▶ **Action item**
Return the listing below verbatim. Pictures do not belong in the copy.

▶ **Supplied material**
###

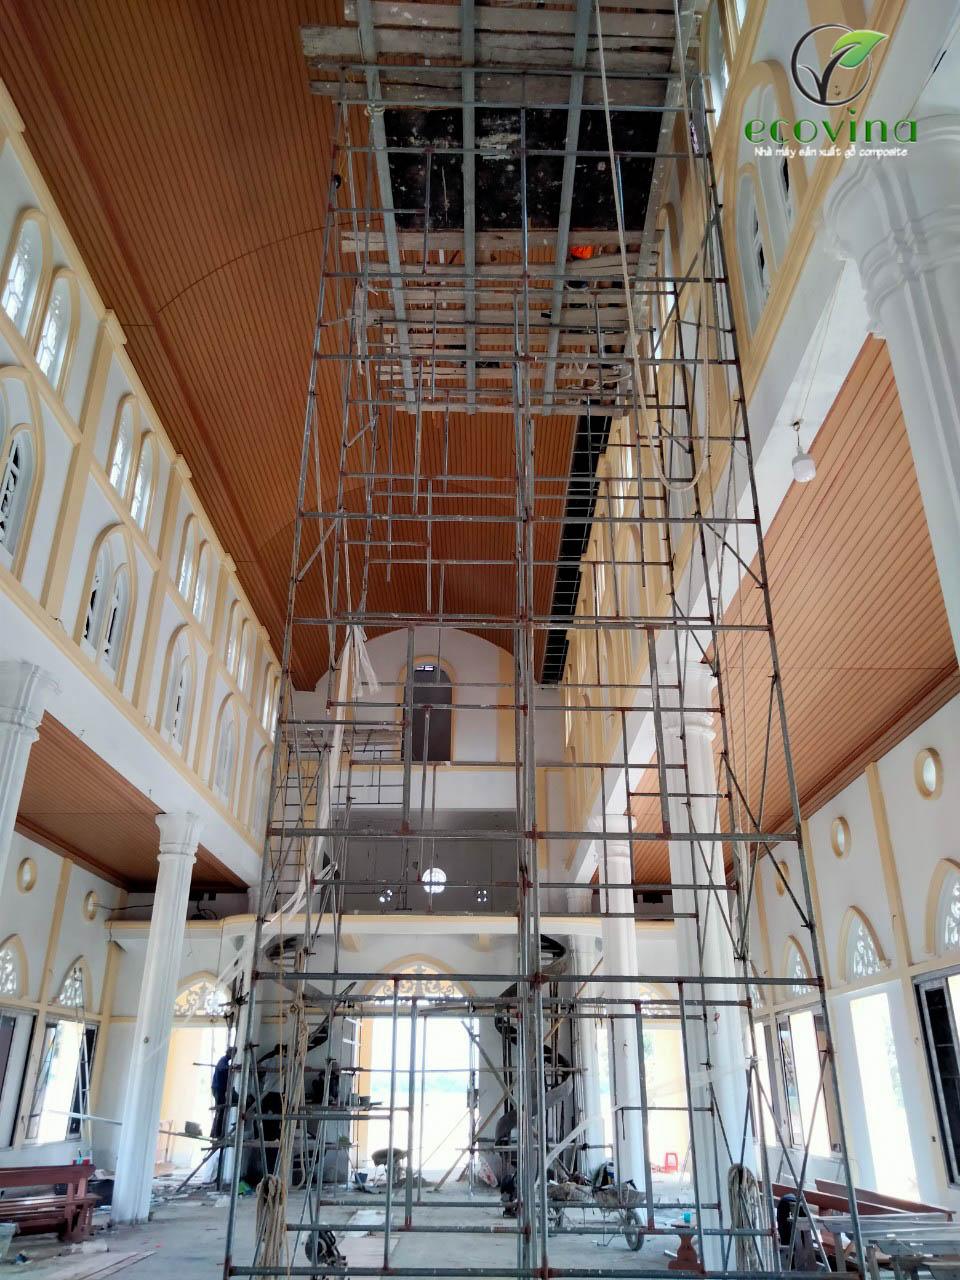 Hình ảnh thi công trần gỗ nhựa cho nhà thờ tại Hà Tĩnh
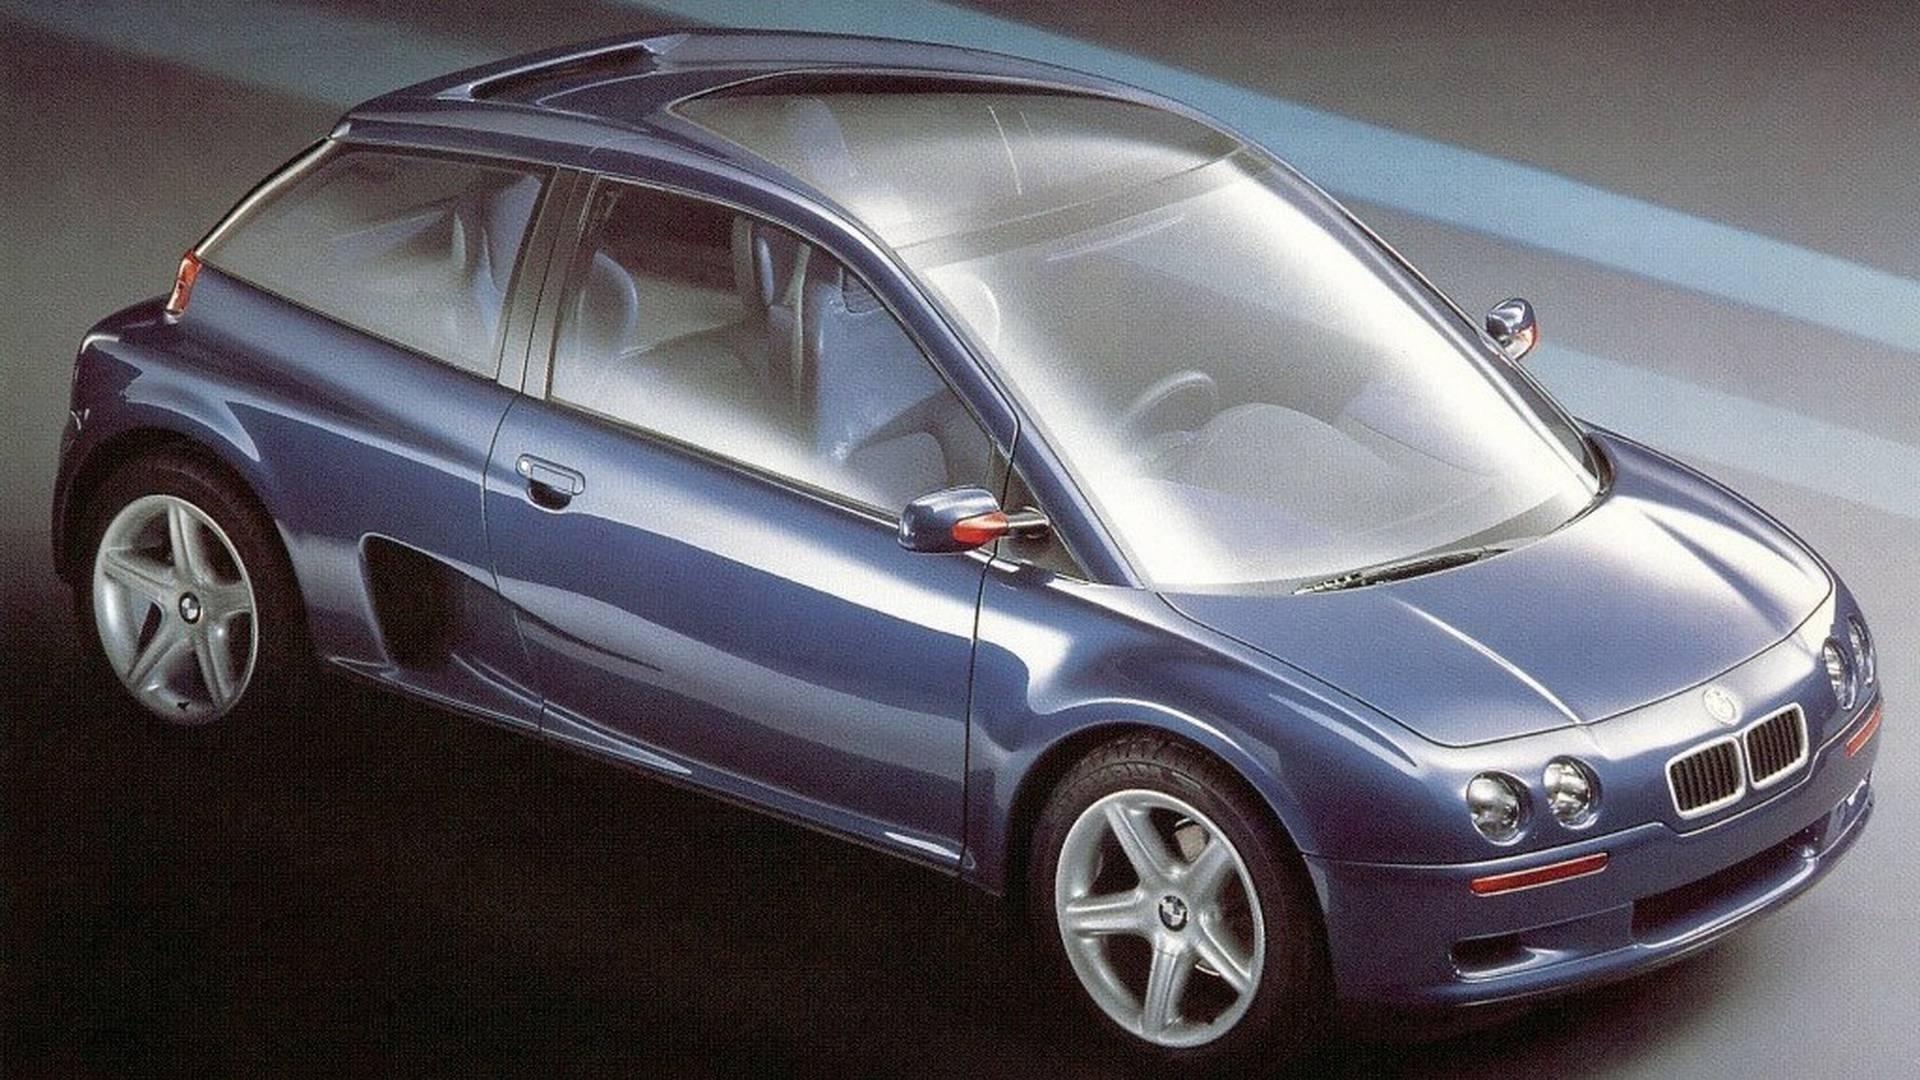 1993 bmw z13 concept بی ام و Z13 مدل ۱۹۹۳ نقد این خودرو قدیمی   اجاره ماشین
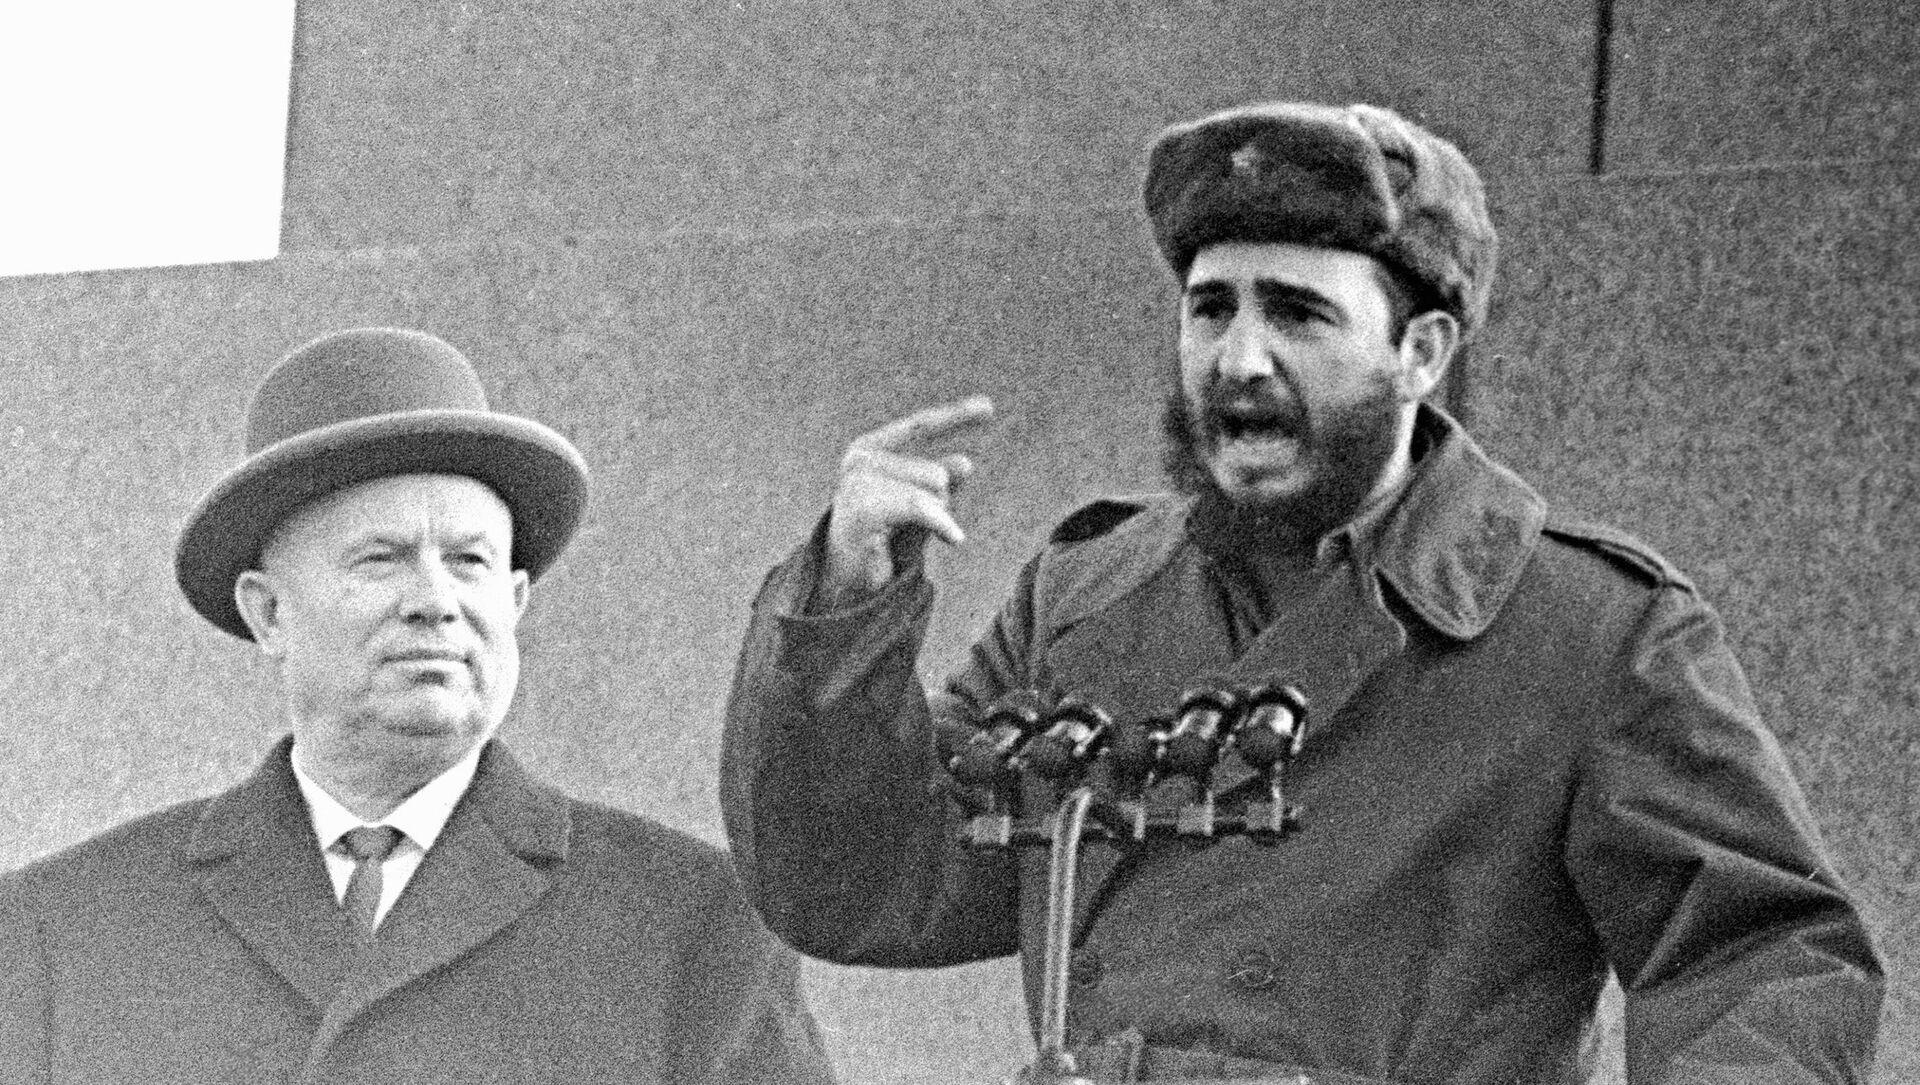 Nikita Jruschov, primer secretario del Comité Central del Partido Comunista de la Unión Soviética, junto a Fidel Castro, líder de la Revolución cubana, en la Plaza Roja de Moscú. - Sputnik Mundo, 1920, 18.10.2018
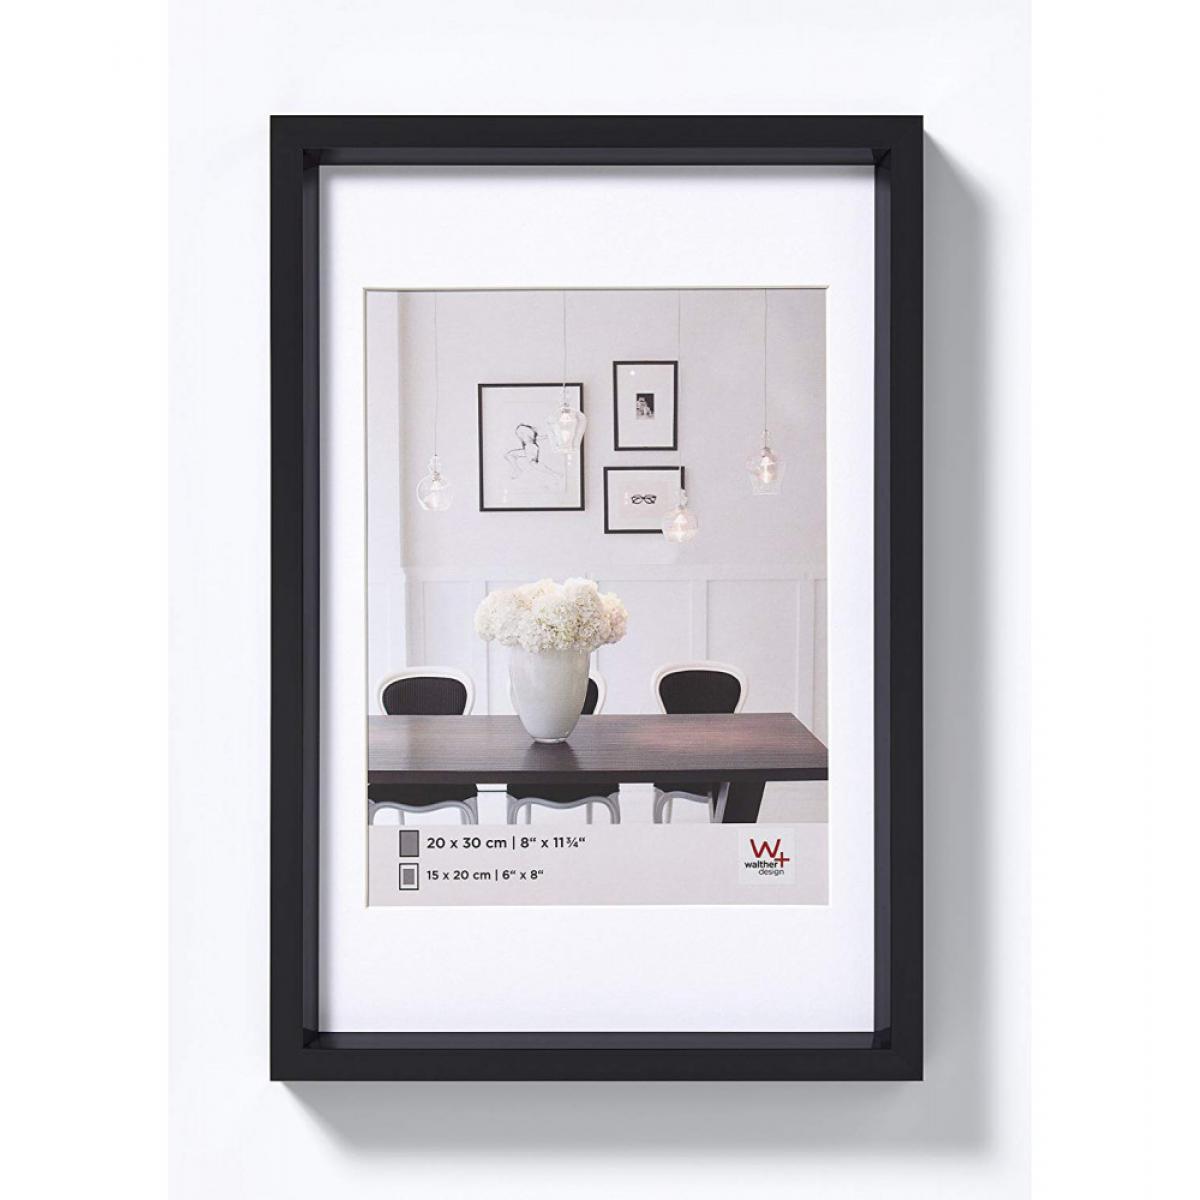 Ac-Deco Cadre photo imitation acier Steel Style - 15 x 20 cm - Noir

###

▶ **Output**
 Hình ảnh thi công trần gỗ nhựa cho nhà thờ tại Hà Tĩnh
 1993 bmw z13 concept بی ام و Z13 مدل ۱۹۹۳ نقد این خودرو قدیمی   اجاره ماشین
 Nikita Jruschov, primer secretario del Comité Central del Partido Comunista de la Unión Soviética, junto a Fidel Castro, líder de la Revolución cubana, en la Plaza Roja de Moscú. - Sputnik Mundo, 1920, 18.10.2018
 Ac-Deco Cadre photo imitation acier Steel Style - 15 x 20 cm - Noir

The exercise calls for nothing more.